The Game Believes Drake’s Absence Is Being Felt in Hip-Hop

The rivalry between Drake and Kendrick Lamar has long been treated as a defining moment in modern hip-hop, but not everyone views its legacy in celebratory terms. The Game recently suggested the fallout has come at a creative cost, arguing on Instagram that the genre has lost momentum in the wake of the feud. His comments added to an ongoing debate about whether viral rap disputes ultimately help or hinder the music itself.
In a post reported by Kurrco, he wrote, “Y’all ain’t appreciate one of the greatest now the absence & silence has the art form down 50%,” framing the moment as a shift in the cultural balance of hip-hop. He paired the message with commentary from Isaac Hayes III, who wrote, “The Kendrick Drake beef killed commercial rap music. It turned hip hop into an engagement art form, not a chart performing one.” The sentiment reflected a growing view that online attention now competes directly with traditional measures of success.
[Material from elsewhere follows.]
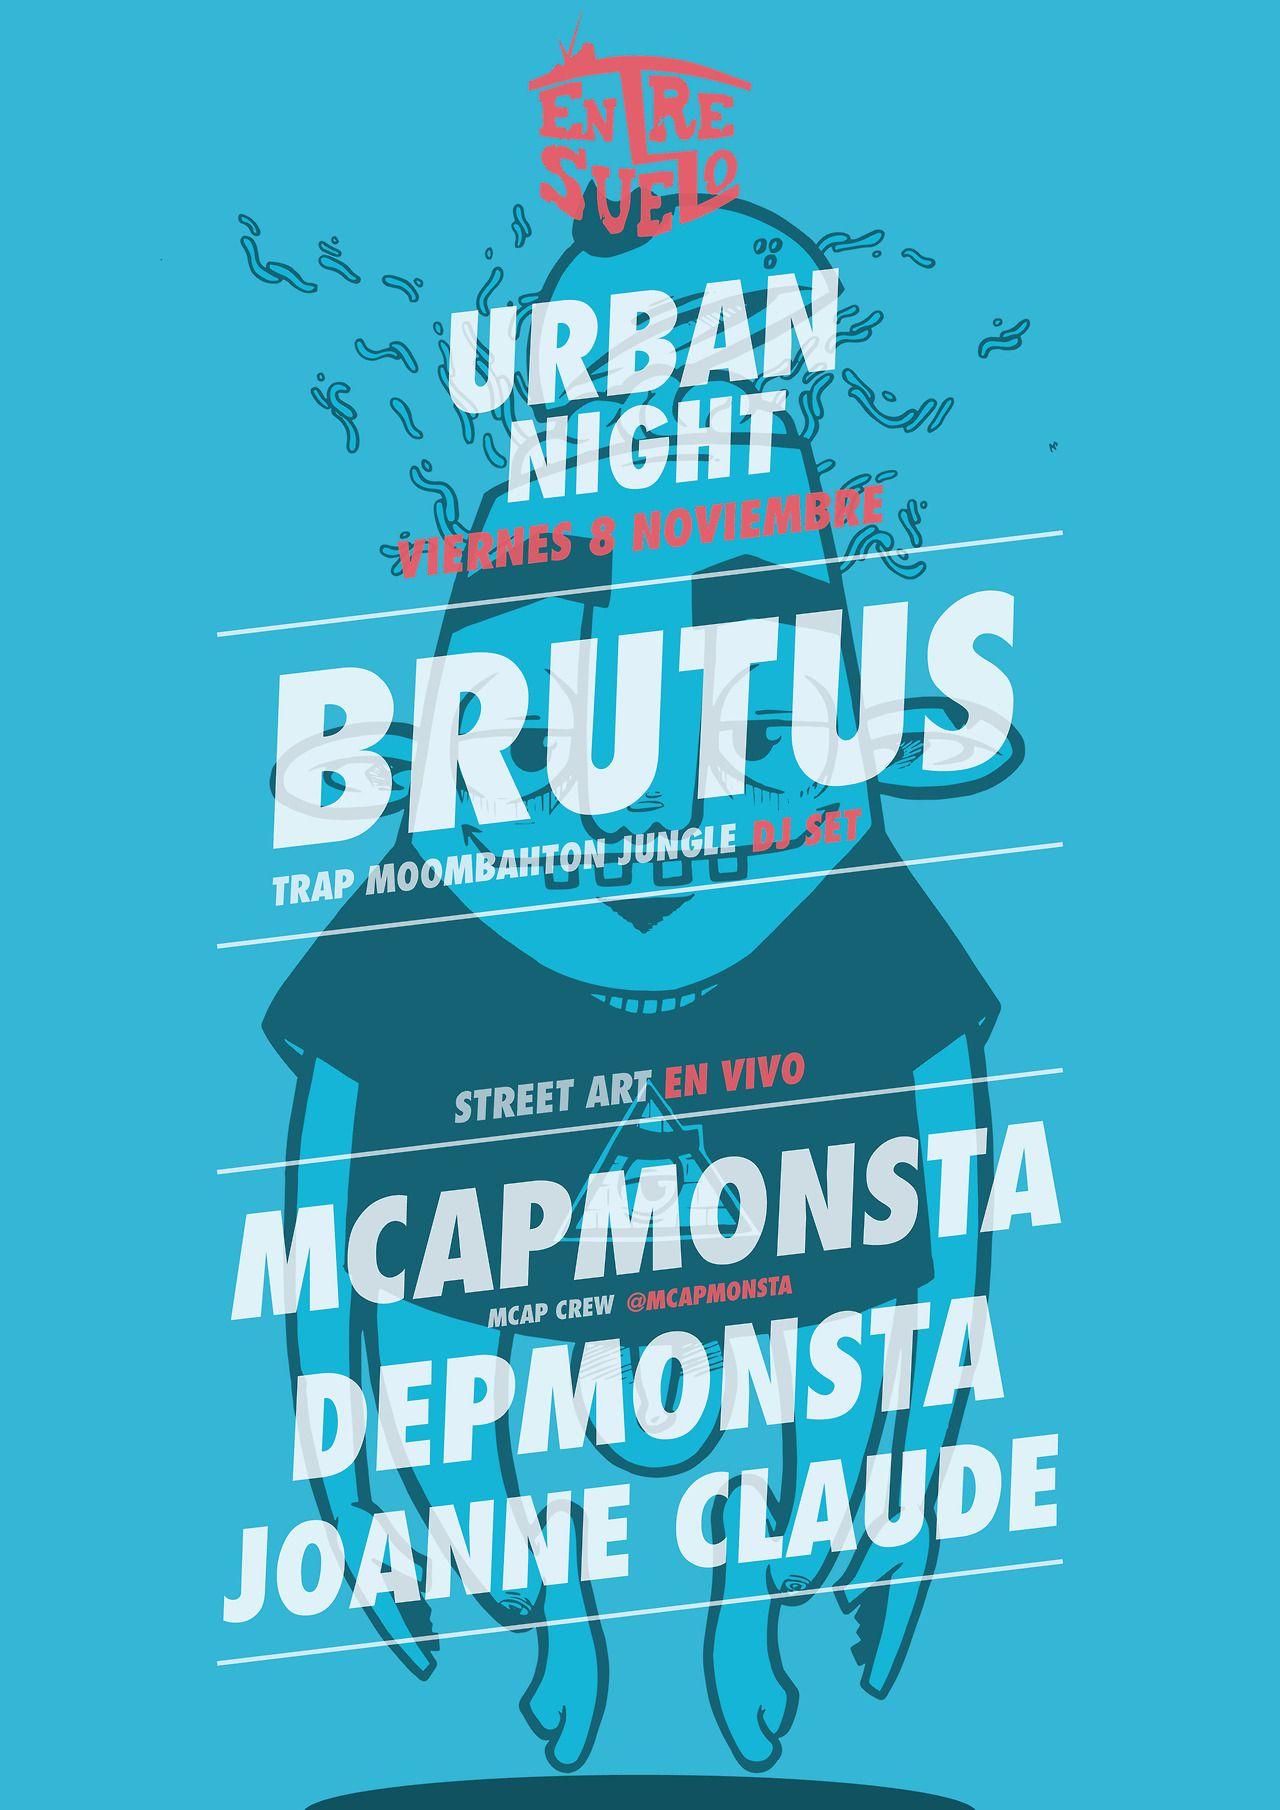 Entresuelo Urban Night 2013  - MCAPMONSTA

The Game went further, describing how the feud reshaped listener behavior and industry incentives. He pointed to how debate cycles, streaming spikes, and social media reactions increasingly drive visibility, even when they do not translate into chart performance. While the Billboard Hot 100 continues to function as a benchmark, he suggested it now operates alongside a parallel economy of attention built on discourse rather than sales or airplay. He also questioned whether collaboration has become harder to prioritize in that environment.